Borges tinha razão. Pela lei, as garotas só poderiam ter professoras. Por questões morais e religiosas, não se admitia que um homem tivesse proximidade com uma menina, nem mesmo na sala de aula. Como as garotas historicamente recebiam menos educação escolar do que os garotos, praticamente não existiam no Brasil mulheres qualificadas para ensinar aritmética e geometria nas escolas femininas.

 — Não temos mestras mulheres que possam dar essa instrução — concordou o Marquês de Caravelas. — Apareceria talvez alguma inglesa ou irlandesa, mas já passou nesta Casa o artigo que determina que só brasileiras possam ocupar esses lugares.
Meninas e meninos formavam filas separadas e estudavam em salas de aula distintas na Escola Caetano de Campos, em São Paulo (fotos: Escola Normal Caetano de Campos/CRE Mario Covas)
Encerrados os debates, a lei foi aprovada estabelecendo um currículo menor para as meninas. A unificação dos conteúdos de garotos e garotas ocorreria três décadas mais tarde, em 1854. O historiador André Paulo Castanha, professor da Universidade Estadual do Oeste do Paraná (Unioeste) e autor de estudos sobre a educação no Império, explica:

— Hoje podemos considerar absurdo aquele tipo de debate, mas não podemos condenar os senadores. Eles foram coerentes com a realidade da época. De fato, não existiam professoras preparadas para ensinar matemática. A solução que o Parlamento deu foi a adequada para o momento. Não podemos cobrar de pessoas que viveram há quase 200 anos que pensassem como nós pensamos hoje. Estaríamos negando o processo histórico.
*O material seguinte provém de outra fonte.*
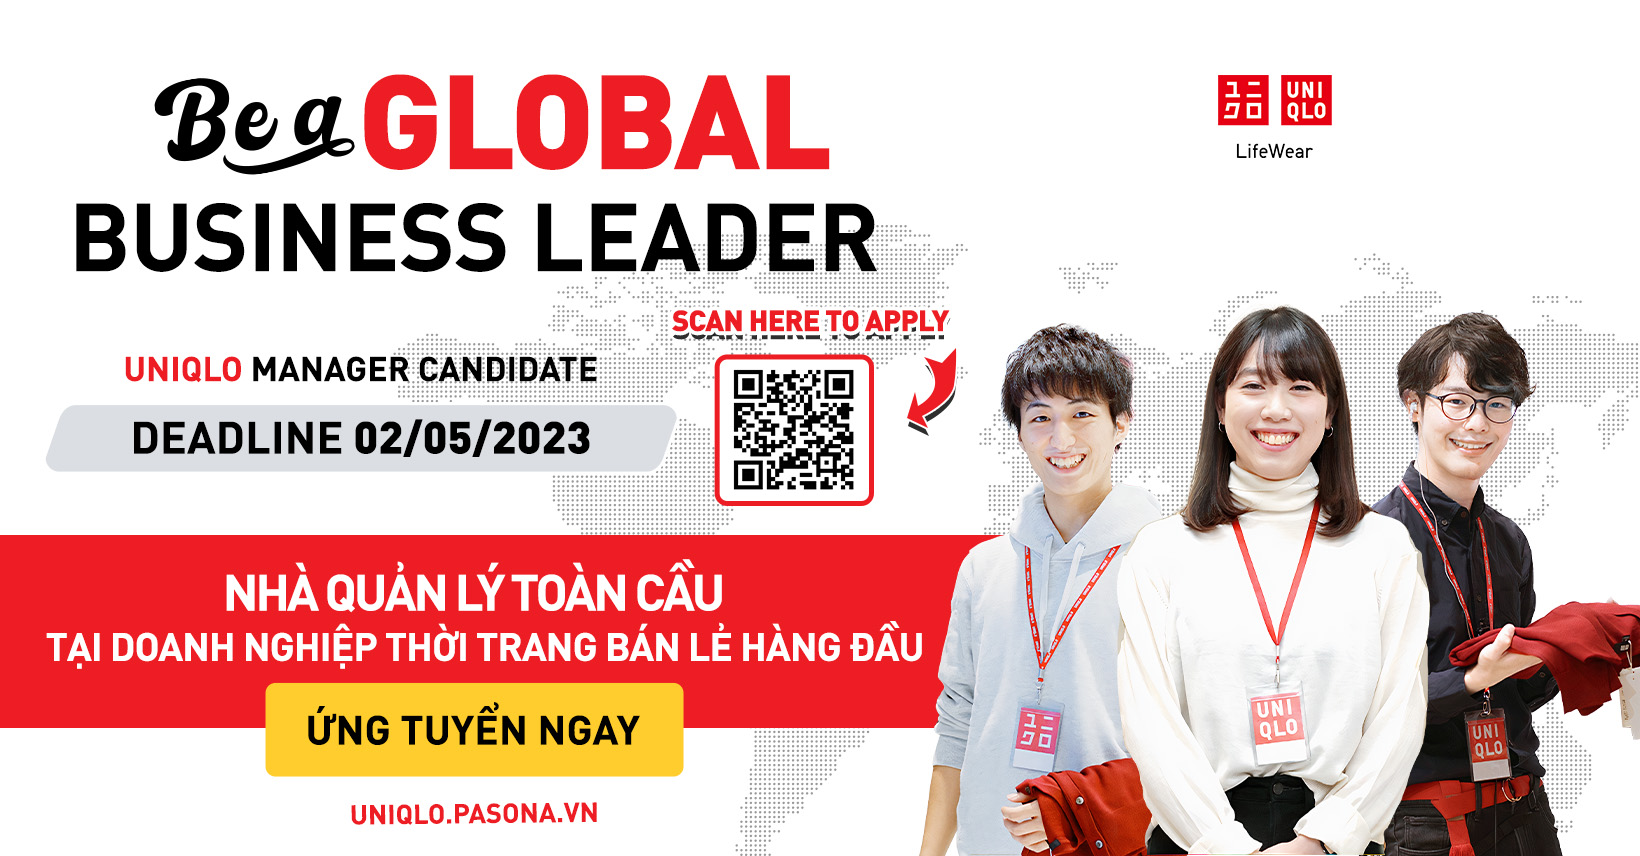 Anh Hoang  Uniqlo Manager Candidate  UNIQLO  LinkedIn

Debates machistas à parte, segundo Castanha, a lei de 1827 foi bastante inovadora. Além de ter criado um currículo escolar mínimo para todo o país — algo que existe até hoje —, ela marcou a entrada da mulher no mercado de trabalho, estabeleceu a exigência de concurso público para o magistério, determinou que professores e professoras recebessem o mesmo salário e fixou um piso salarial para a profissão — 200 mil réis por ano, pagos pelo governo.

Além de participarem de concurso público, os postulantes ao cargo de professor precisavam comprovar que tinham bom comportamento. No caso dos homens, a lei de 1827 exigia que não tivessem “nota na regularidade da sua conduta”. No caso das mulheres, a norma pedia “reconhecida honestidade”.
No fim do século 19, meninos fazem evolução militar em aula de ginástica (foto: Escola Normal Caetano de Campos/CRE Mario Covas)

A Constituição de 1824 determinava que o ensino primário era gratuito para todos os cidadãos. Mesmo assim, as escolas públicas do Império eram frequentadas praticamente só pelas crianças das famílias mais abastadas. Na época da lei de 1827, em torno de 12% das crianças brasileiras em idade escolar estudavam. O historiador André Paulo Castanha afirma:

— As classes populares resistiam à escola. Os pais não podiam abrir mão dos filhos das 9h às 16h, de segunda a sábado, já que as crianças ajudavam nos trabalhos de casa, em especial na lavoura. A sobrevivência falava mais alto. Além disso, as classes populares não viam a escola como elemento de ascensão social. Na época, os trabalhos eram quase todos braçais e saber ler e escrever não fazia muita diferença. Essa visão que temos hoje da educação, como a garantia de um futuro melhor, só passaria a ser explorada décadas mais tarde, já na República.

A lei educacional de 1827 foi sancionada por dom Pedro I em 15 de outubro. Pela importância da norma, a data se tornaria, em 1963, o Dia do Professor.